(Dataset excerpts)

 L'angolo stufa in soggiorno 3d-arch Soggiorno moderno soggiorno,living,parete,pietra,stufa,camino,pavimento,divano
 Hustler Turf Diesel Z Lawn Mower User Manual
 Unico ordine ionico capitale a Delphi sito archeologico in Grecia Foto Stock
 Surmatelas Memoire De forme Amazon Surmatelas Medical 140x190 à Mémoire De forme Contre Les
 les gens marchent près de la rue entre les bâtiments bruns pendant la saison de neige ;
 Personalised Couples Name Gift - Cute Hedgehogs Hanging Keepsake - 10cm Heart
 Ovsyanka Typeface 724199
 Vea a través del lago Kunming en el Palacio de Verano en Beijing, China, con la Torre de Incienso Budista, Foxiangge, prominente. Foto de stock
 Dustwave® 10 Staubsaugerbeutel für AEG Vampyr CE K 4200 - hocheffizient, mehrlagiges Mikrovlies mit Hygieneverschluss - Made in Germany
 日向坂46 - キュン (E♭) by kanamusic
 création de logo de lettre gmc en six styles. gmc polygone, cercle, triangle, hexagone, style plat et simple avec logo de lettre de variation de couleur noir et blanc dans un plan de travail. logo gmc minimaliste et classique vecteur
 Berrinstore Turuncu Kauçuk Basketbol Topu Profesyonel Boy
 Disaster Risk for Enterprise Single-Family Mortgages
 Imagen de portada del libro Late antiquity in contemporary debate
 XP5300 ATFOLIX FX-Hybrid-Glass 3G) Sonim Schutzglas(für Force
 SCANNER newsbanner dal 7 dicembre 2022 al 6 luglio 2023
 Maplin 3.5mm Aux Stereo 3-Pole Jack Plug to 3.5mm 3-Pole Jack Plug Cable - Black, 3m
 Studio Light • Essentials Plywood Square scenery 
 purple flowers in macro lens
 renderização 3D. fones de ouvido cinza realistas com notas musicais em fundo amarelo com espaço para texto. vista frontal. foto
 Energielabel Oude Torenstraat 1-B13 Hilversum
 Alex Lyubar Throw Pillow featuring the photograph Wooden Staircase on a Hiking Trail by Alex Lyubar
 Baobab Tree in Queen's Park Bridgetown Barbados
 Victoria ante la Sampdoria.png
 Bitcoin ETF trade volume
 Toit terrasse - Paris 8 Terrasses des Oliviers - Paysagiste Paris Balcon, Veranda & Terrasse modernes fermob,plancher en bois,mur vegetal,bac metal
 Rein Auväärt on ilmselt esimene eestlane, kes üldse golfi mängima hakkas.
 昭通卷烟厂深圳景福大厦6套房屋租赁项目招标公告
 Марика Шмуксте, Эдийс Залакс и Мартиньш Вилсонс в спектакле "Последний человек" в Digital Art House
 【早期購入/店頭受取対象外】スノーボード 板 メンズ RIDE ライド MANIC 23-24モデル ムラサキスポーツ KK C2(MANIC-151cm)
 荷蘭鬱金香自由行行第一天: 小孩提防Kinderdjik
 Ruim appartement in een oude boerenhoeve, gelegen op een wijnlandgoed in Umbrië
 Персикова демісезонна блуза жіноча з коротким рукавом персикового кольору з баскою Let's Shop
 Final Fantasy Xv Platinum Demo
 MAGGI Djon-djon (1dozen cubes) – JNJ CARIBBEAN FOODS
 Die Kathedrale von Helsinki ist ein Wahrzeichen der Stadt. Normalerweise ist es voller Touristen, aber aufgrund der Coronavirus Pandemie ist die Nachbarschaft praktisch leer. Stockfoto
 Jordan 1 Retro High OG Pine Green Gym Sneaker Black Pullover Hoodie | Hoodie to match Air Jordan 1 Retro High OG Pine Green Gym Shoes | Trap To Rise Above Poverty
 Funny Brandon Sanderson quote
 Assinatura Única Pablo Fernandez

# EXERCISE
Look above for the line holding "日向坂46 - キュン (E♭) by kanamusic" and the line holding "Berrinstore Turuncu Kauçuk". Retype both, and every line between them, word for word and nothing else.

# OUTPUT
 日向坂46 - キュン (E♭) by kanamusic
 création de logo de lettre gmc en six styles. gmc polygone, cercle, triangle, hexagone, style plat et simple avec logo de lettre de variation de couleur noir et blanc dans un plan de travail. logo gmc minimaliste et classique vecteur
 Berrinstore Turuncu Kauçuk Basketbol Topu Profesyonel Boy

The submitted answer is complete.